They eyed each other for a second, the woman grinning, the same face they all made as their imagination met his reality. She knew who he was. She was about the right age. She would have read the articles, danced to him on the radio in her bedroom. Mocked and judged him later on. It was a long time ago, but people remembered.

Annie tugged him forwards by his fingers and presented him.

‘Steph,’ she said, stroking his arm, ‘this is Adam.’

Her touch was high in the sleeve of his T-shirt and she stared up at him, the black irises expanding in the night. The shadowed dark of a shark against the flecks of green. A tiny smile played over her lips.

He knew what this meant.

I love you.

Be nice.

Do a little more.

That was how it used to be, when he smashed bottles. Always a little more. Another interview. Just one more photo. Up the hill and down again. Then a final tour, a smaller venue and a shared bill. But it’ll pay.

Now there was nothing. Nothing but Annie and who he used to be. He was too sentimental. An open wound, that journalist had called him. He’d done well out of it, once. Not anymore. Now he needed her. She was proud and strong and harder than him, so he would do it. He could always do a little more.

He grinned at the woman in front of him. Steph, wasn’t it? Made the face he used to in the photographs, sucked in a little bit, though it didn’t make much difference these days.

‘Hi,’ he said. That was all. She was going red already.

‘Adam,’ said Steph, ‘I’m so glad you could make it. It’s wonderful to meet you. Really, really wonderful.’

She didn’t kiss him or shake his hand. He was a rotten fruit.

‘I’m so glad you could come,’ she said again.

Of course she was. They always were. She wouldn’t say anything yet, of course. That would be later, third bottle of wine, probably the 1982 red when it would be too late to appreciate it. Maybe a line on the table if they were daring, her hand on the back of his chair, or discreetly on his thigh. Then she’d tell him how great he used to be. How she loved him, once. Until she realised what he was.

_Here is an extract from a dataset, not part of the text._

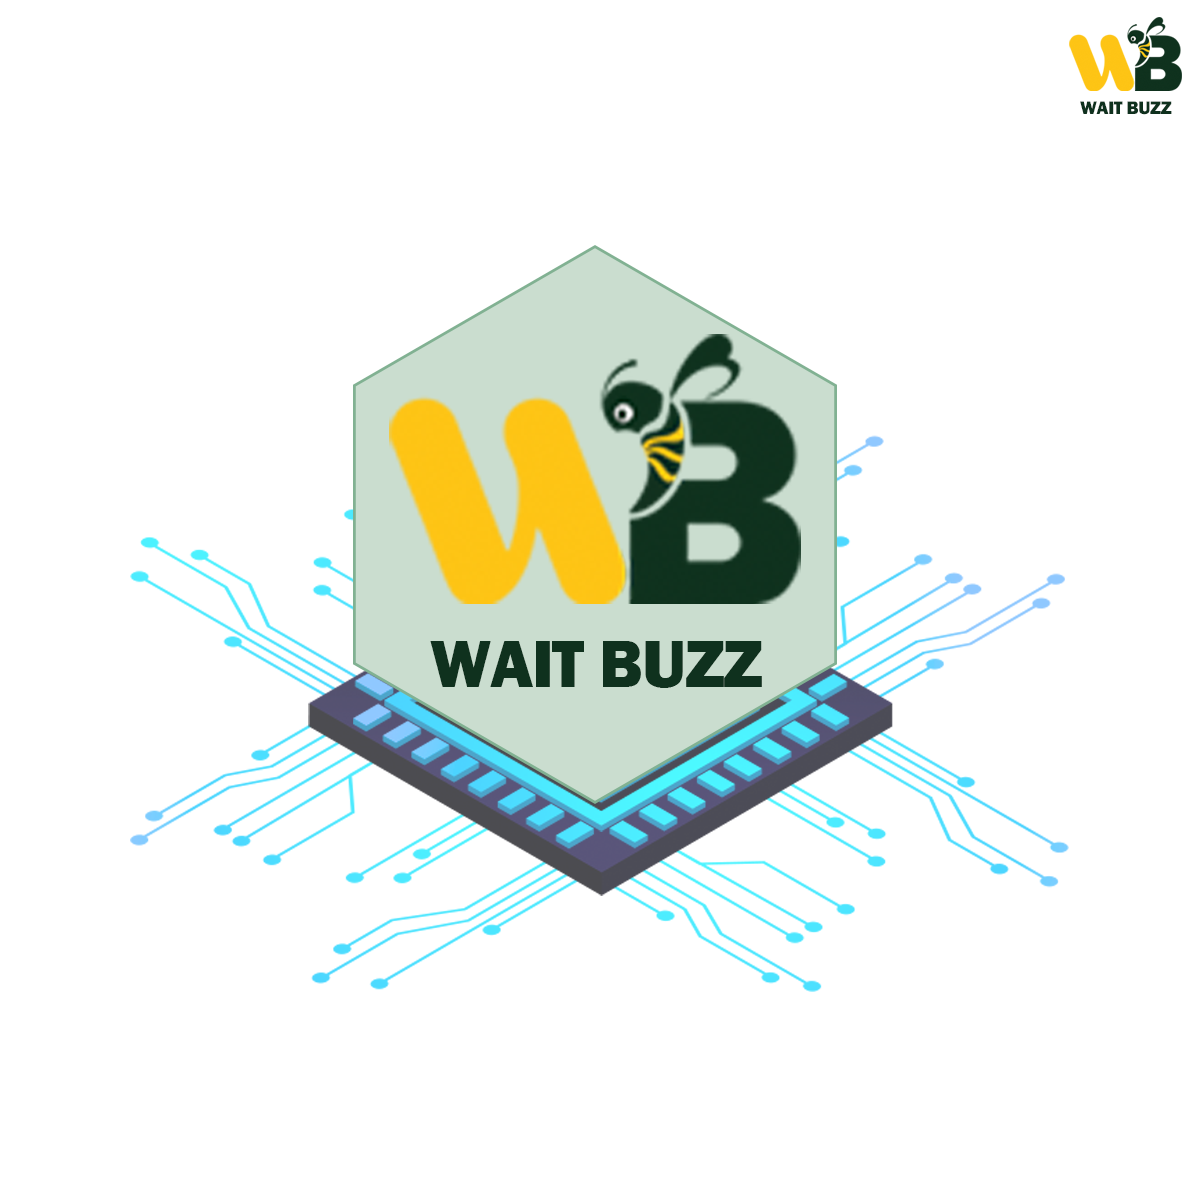 WaitBuzz: شركة الشرق الأوسط الرائدة في مجال تقنية المعلومات

‘We brought you a little something, Steph,’ said Annie. ‘One from Adam’s collection.’

She paused and so he held the bottle out.

‘Yeah, um,’ he said. ‘It’s a good one. From Lebanon. They grow it on bombed-out vineyards.’

He had no idea if that was true but a bit of fiction never hurt anyone. And nobody cared about truth anyway.

‘Oh, Adam, that’s wonderfully kind!’

‘It’s perfect for drinking now.’ There was no way she was keeping it for afterwards.

Steph studied the bottle, reading the label with unusual interest. Then she called out behind her, down the long, wide corridor.

‘Giles, darling! Annie and,’ she raised her voice now, ‘ADAM NORTH have brought a rather nice bottle!’

His stage name. Adam North. Better than his real name. No rock stars called Lamb, were there. Not back then. And there weren’t any called North now either. Not after what he did.

A man replied.

‘Bring it in then, girl!’ He had a deep, rich voice, sounded like the boss of the record label, the first one anyway. The one who owned an island. ‘And bring the singer too!’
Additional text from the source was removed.